The lessons from the recently adjudicated Freedom of Information Act lawsuit filed against the Town of Lovettsville are not the errors made in processing the request for public records. The missteps that resulted in the violations, fines and penalties so clearly trespassed on the basic elements of the law that they would be difficult to repeat by anyone attempting to comply with its requirements.
In essence, the case showed that an inexperienced but otherwise diligent town employee charged with fulfilling the FOIA request was poorly advised by superiors who should have served her—and the community—better.
Those clear violations aside, Judge Snow’s thoughtful analysis of the evidence in that case offers an important reminder to all our elected representatives about their conduct on social media sites, and particularly platforms shielded from view of the general public. Those interactions in secret, private or restricted online spaces still create public records when public business is being discussed.

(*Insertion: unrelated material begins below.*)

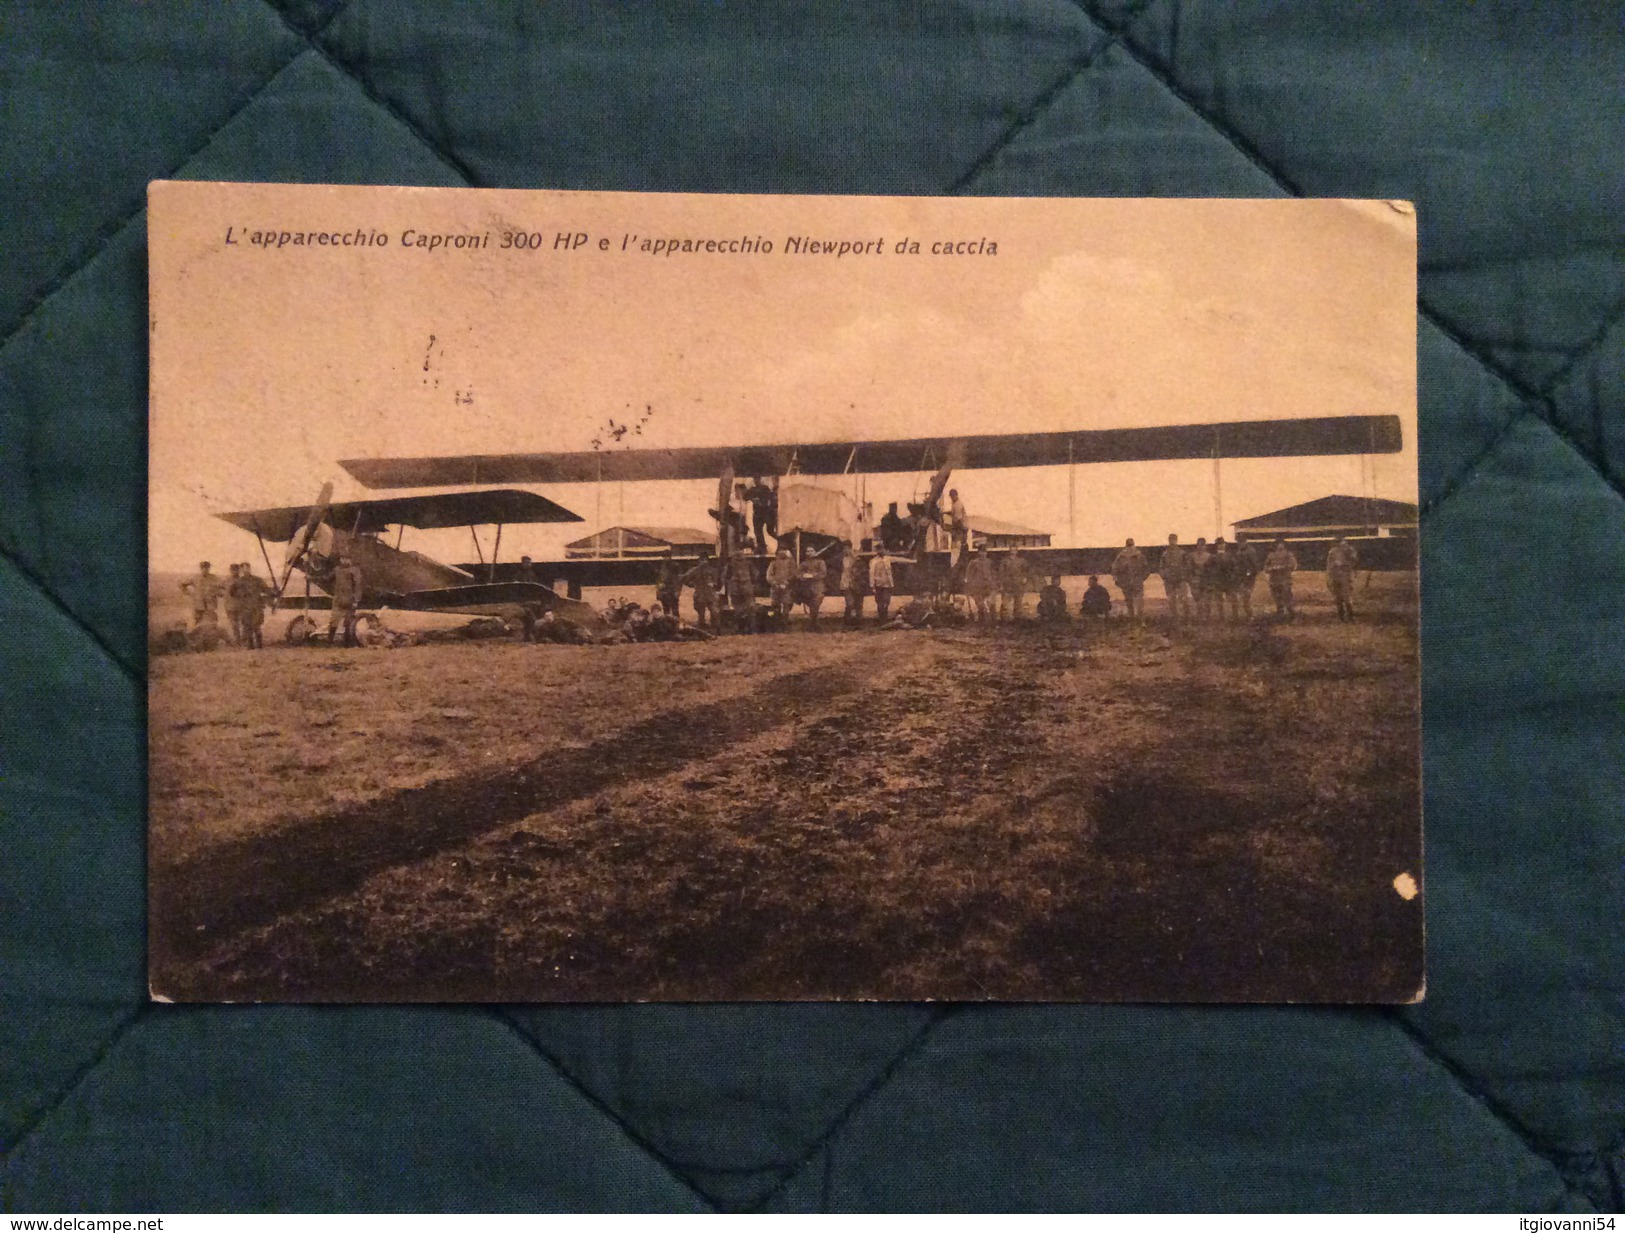 Cartolina Apparecchi Caproni Hp E Newport Da Caccia Guerra 15-18 Viaggiata Nel 1917 - Guerra 1914-18

Last year, members of our School Board came under justified criticism for being members of another private, invitation-only Facebook group that was focused on public policies falling under their purview. While the level of their participation in that group’s activities remains unclear, the forum provided the potential for exchanges that easily could have qualified as a public meeting under the commonwealth’s open government rules. Members of the public being held outside that forum should not be left wondering what their representatives are saying, or even what they are being told, on the other side of that cyber wall.
Most disturbing is that many of these elected representatives campaigned on themes that included promoting greater transparency and public involvement in their local government. That cannot be accomplished when constituents are being excluded from the conversation.